9. The method of cleaning a substrate for a photomask according to claim 1,

the PRE value of the substrate for a photomask blank according to the following formula 2 is 90% or more:

[ formula 2]

In the above-mentioned formula 2, the,

the P is _b The value is the number of particles measured on said substrate to be cleaned,

the P is _a The value is the number of particles measured on the substrate for a photomask blank.
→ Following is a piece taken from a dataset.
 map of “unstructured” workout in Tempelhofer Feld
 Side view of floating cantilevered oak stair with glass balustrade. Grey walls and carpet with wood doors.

10. A substrate for a photomask blank, characterized in that,

the substrate is a quartz substrate having a flatness of 0.5 μm or less,

the substrate contained 0ng/cm as residual ions measured by ion chromatography ² Above and 0.1ng/cm ² Sulfuric acid ion, 0ng/cm ² Above and 0.4ng/cm ² Nitrate ion, 0ng/cm ² Above and 0.05ng/cm ² Nitrite ion of 0ng/cm ² Above and 1.5ng/cm ² The following ammonium ions.

11. The substrate for a photomask according to claim 10, wherein the substrate for a photomask is a photomask,

the substrate further comprises 0ng/cm as residual ions measured by ion chromatography ² Above and 0.1ng/cm ² The following chloride ions.

12. A photomask blank comprising the substrate for a photomask blank according to claim 10.